Oh the fun journalists had with that quote – the double entendres are endless. 

Any journalist facing stiff competition will be tempted to dip their oar in, but by pulling in the same direction they are only making a rod for their own backs ... (That’s enough: Editor).

Seriously, though, the opprobrium levelled at Senator Lambie mostly revolved around whether or not she was being ‘sexist’ – hence obscuring some other key issues.

That is not to say that sexism in public life is not a serious matter. When Liberal Senator Bill Heffernan said in May 2007, for instance, that Opposition Industrial Relations spokeswoman Julia Gillard was “deliberately barren”, the nation was shocked. 

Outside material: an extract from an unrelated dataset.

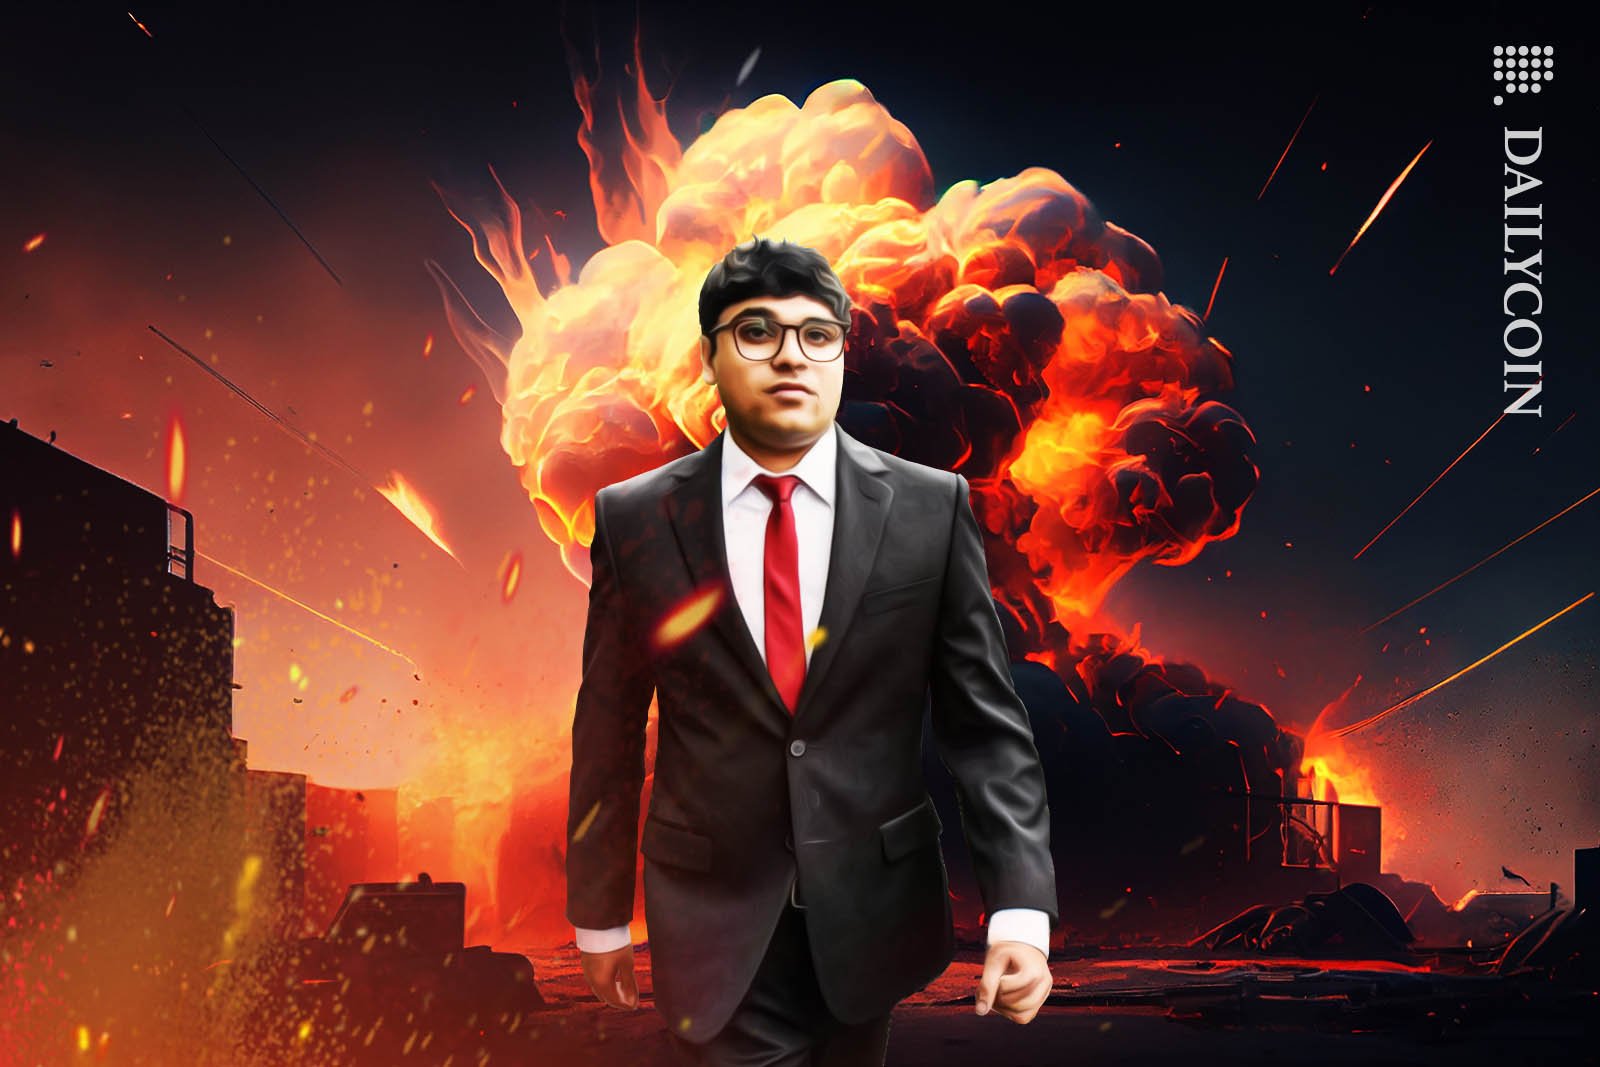 Nishad Singh walking out of a ruined city with explosions, smoke and fire.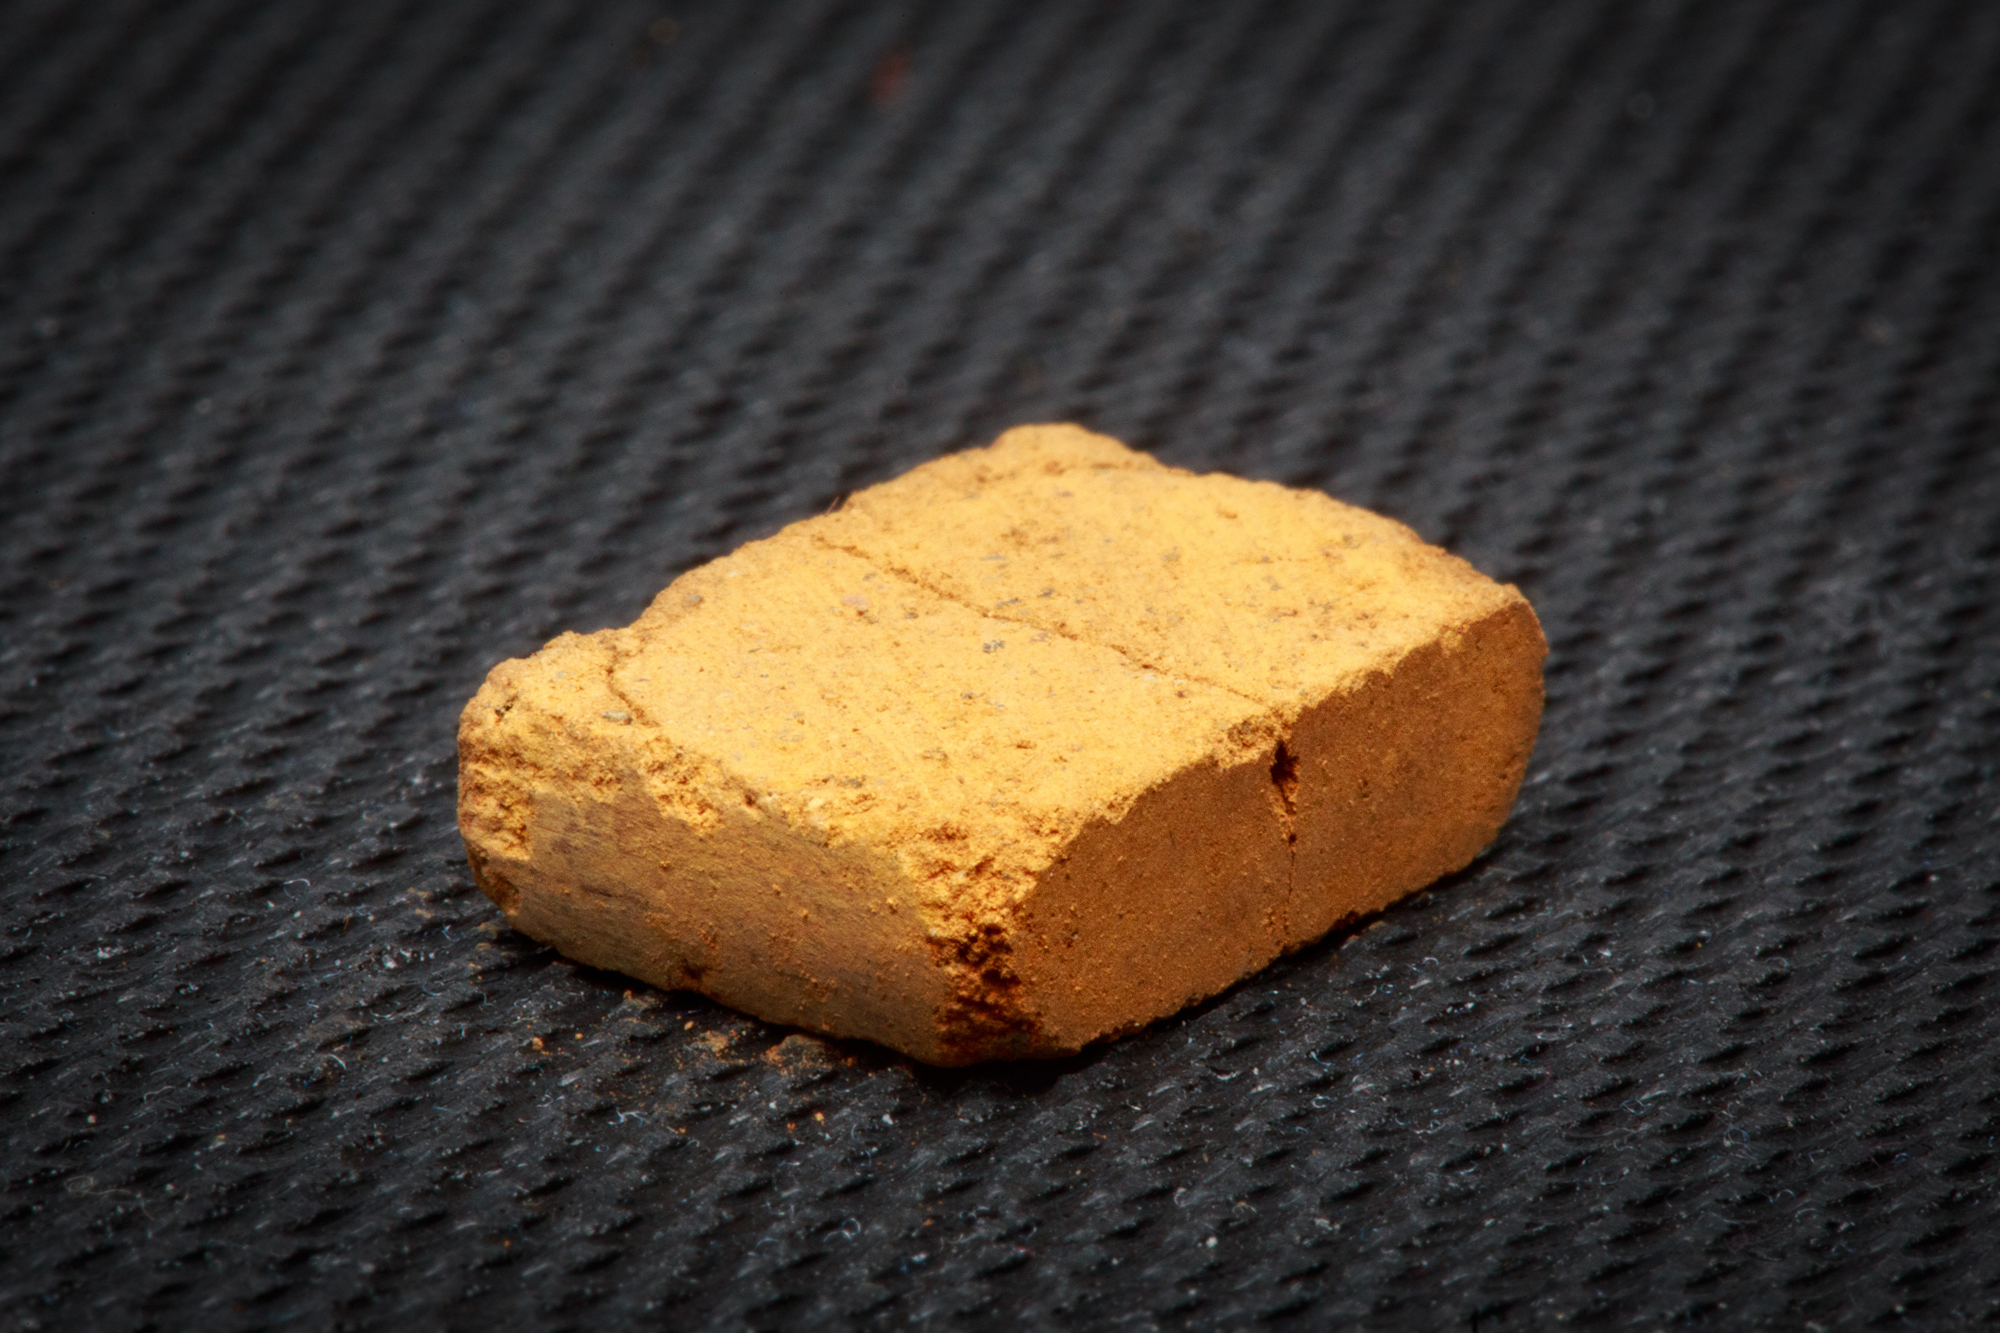 Bricks made from fake Martian soil are surprisingly strong

His remark offended on many levels, but there is an irony to the effect such statements have. Heffernan’s rather 19th-century opinion galvanised the community and provoked a long-running discussion about a woman’s right to have a career and kids, or just a career, or kids and no career and so on. 

As Gillard said at the time: “I don't think Australian women need Bill Heffernan or anybody else to give them advice on how to live their lives. We’re pretty good at making our own choices.”

In the case of Lambie’s “package” comment, however, a lot of the opprobrium had nothing to do with ‘sexism’ at all – it was to do with taste, decency and an implicit notion of what type of person is worthy of representing the Australian people in the parliament. 

And it is the last of these that is most troubling. What, in a democracy, is the right type?

As with the ridicule levelled at the Motoring Party’s Ricky Muir after the 2013 election, the attacks on Lambie belie a deep-seated belief that the ‘political class’ just don’t behave that way – a fundamentally undemocratic opinion if ever there was one (see: Who let real people into parliament? September 10, 2013).

Take, for instance, this comment from a Fairfax columnist: “Lambie's comments were textbook crude: along with the well-hung remarks, she also joked about how a whipper snipper would be needed to tackle her bikini line.

“The idea of any other female MP talking about hair removal in an interview -- albeit on a commercial radio station where things tend to be more informal -- is ridiculous. Once again, the PUP senators are demonstrating that they are not beholden to the normal rules that politicians play by.”

The “normal rules”? Truth is that the normal rules of politics exclude the Lambies, the Muirs and a great swathe of the Australian population who have not learned the rules of belonging to the political classes.

Ordinary people, when suddenly transplanted to Canberra, make ordinary mistakes – and Lambie apparently now regards her comments as such, having issued a statement of apology. 

In this instance, apologising is the mistake. If Lambie has one thing going for her, it’s that at present she is an unreformed, authentic outsider – part of the reason she and the other Palmer United Party newbies have appealed to voters that the major parties thought they’d never lose. 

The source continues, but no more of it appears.